In your example of the Higgs model, $O(x)$ corresponds to $\Phi(x)$. In general, unbroken symmetry ${H}$, which is sub group of spontaneously broken symmetry $ G$, is characterized by the vacuum expectation above: $\langle 0| \delta_Q\hat O(x) |0\rangle$.

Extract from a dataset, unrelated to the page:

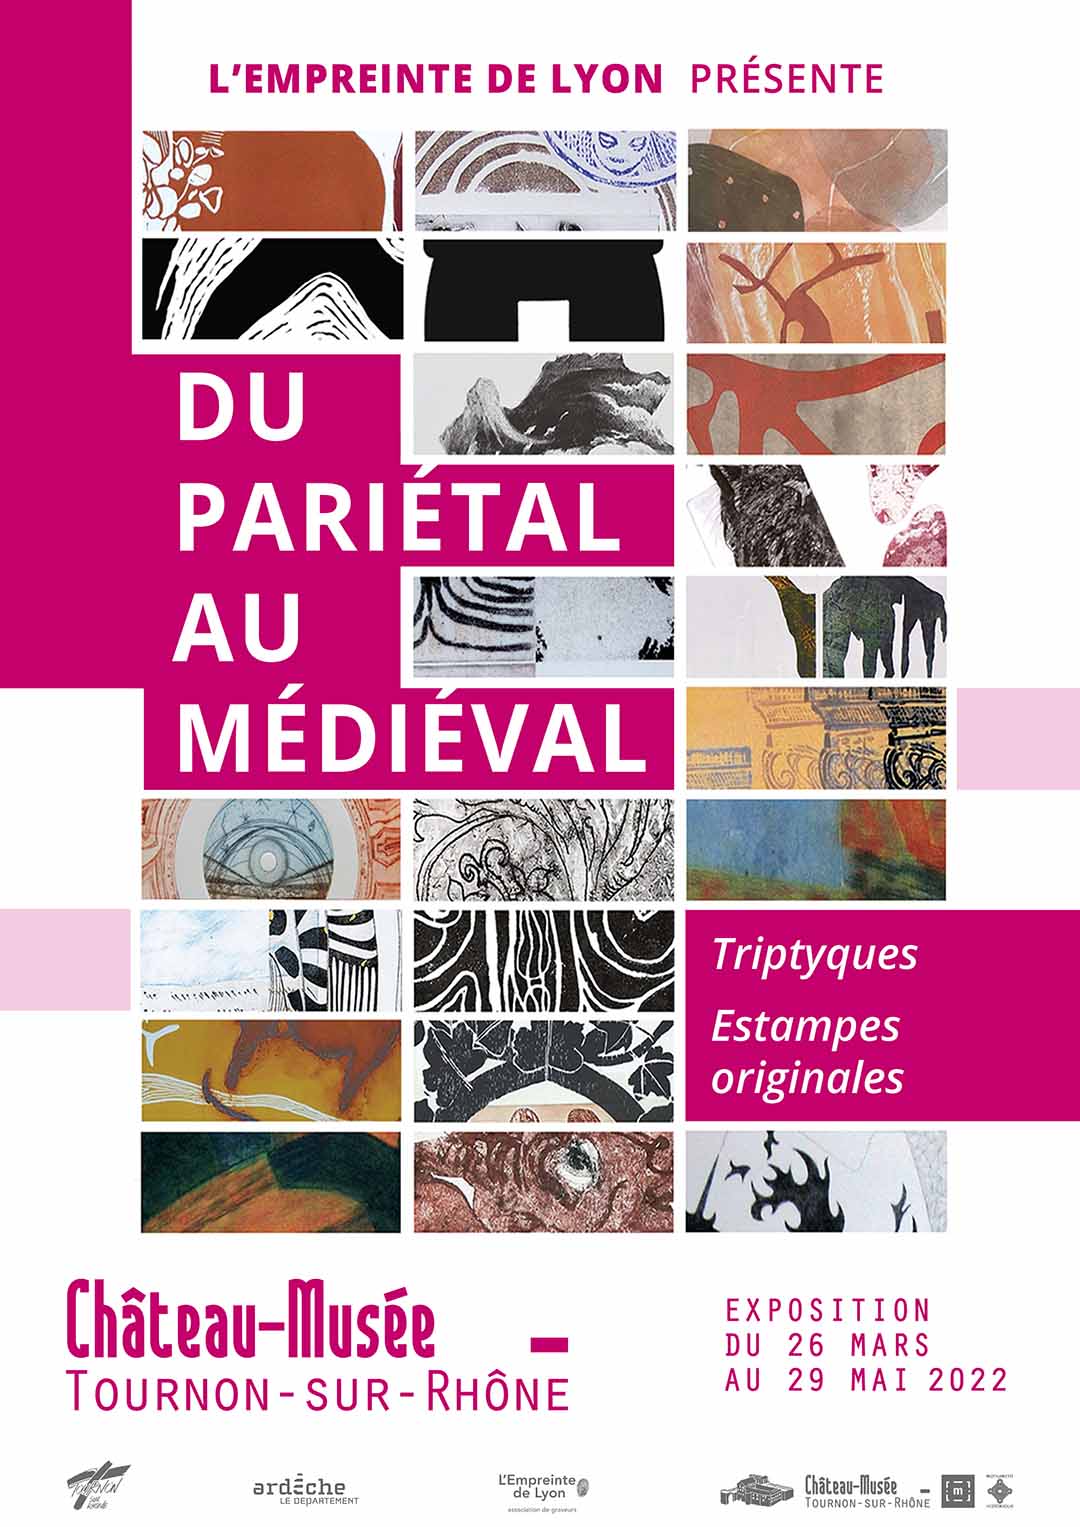 DU PARIÉTAL AU MÉDIÉVAL. Exposition du 26 mars au 29 mai 2022 au Château-musée de Tournon-sur-Rhône.
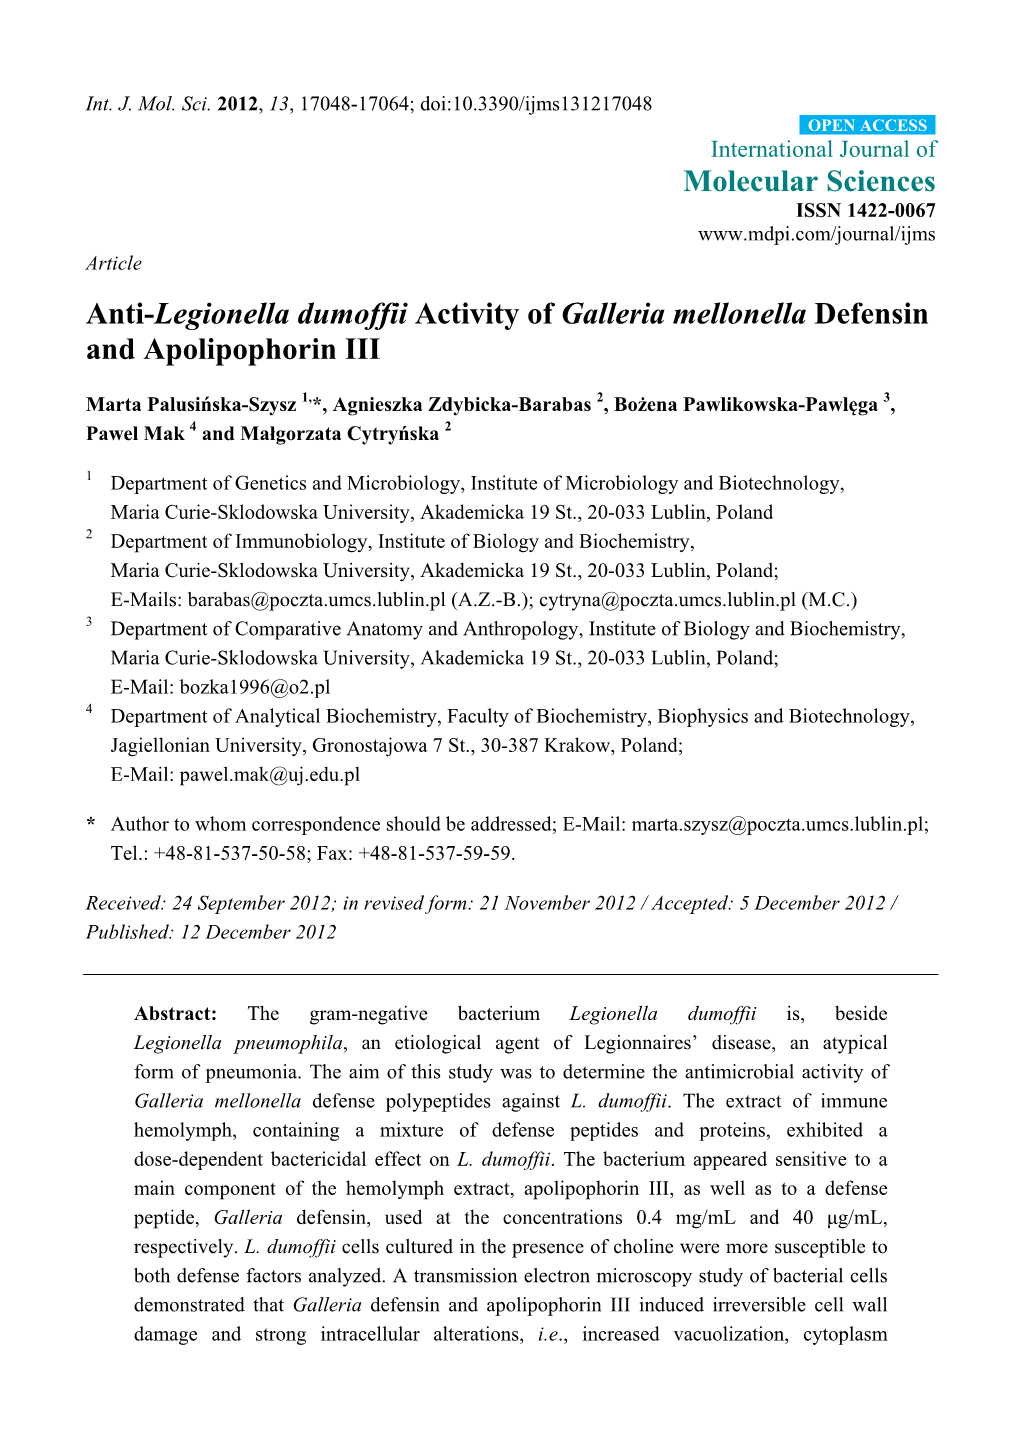 Anti-Legionella Dumoffii Activity of Galleria Mellonella Defensin and Apolipophorin III

I mean, if $H$ is unbroken, its charge operator and a vacuum of theory must satisfy $\langle 0|[\hat Q, \hat O(x)]|0\rangle=0,$ for arbitrary $\hat O(x)$. In the other hand, from the discussion above, some of charge operators of $G$ is not satisfies this relation. Thus, we can say that if we use a label $a$ for generators of $G-H$ and a label $i$ for generators of $H$ , $\hat Q_a$ and $\hat Q_i$ must satisfy the following relation: $$\langle 0| \delta_{Q_i}\hat O(x) |0\rangle =0,$$ $$\langle 0| \delta_{Q_a}\hat O(x) |0\rangle \neq0.$$

This is how we know the unbroken symmetry. In principle, what we should do is to observe $\langle 0| \delta_Q\hat O_i(x) |0\rangle$ and to find specific generators of $G$ which satisfies $\langle 0| \delta_Q\hat O_i(x) |0\rangle =0 .$

In your example, you can check $\langle 0|\Phi(x)|0\rangle$ is invariant only $U(1)_{\mathrm{em}}$. To show this, one should notice that we can choose the following Ansatz indefinitely: $$\langle 0|\Phi(x)|0\rangle = (0,v)^{\mathsf T}.$$

Roughly speaking, elements of $SU(2)\times U(1)_Y$ are the unitary $2\times 2$ matrices. Thus, all that needs to be done is to let this $2\times 2$ matrix act on the vacuum expectation value above to find the condition that satisfies $\langle 0|\delta_i\Phi(x)|0\rangle=0$.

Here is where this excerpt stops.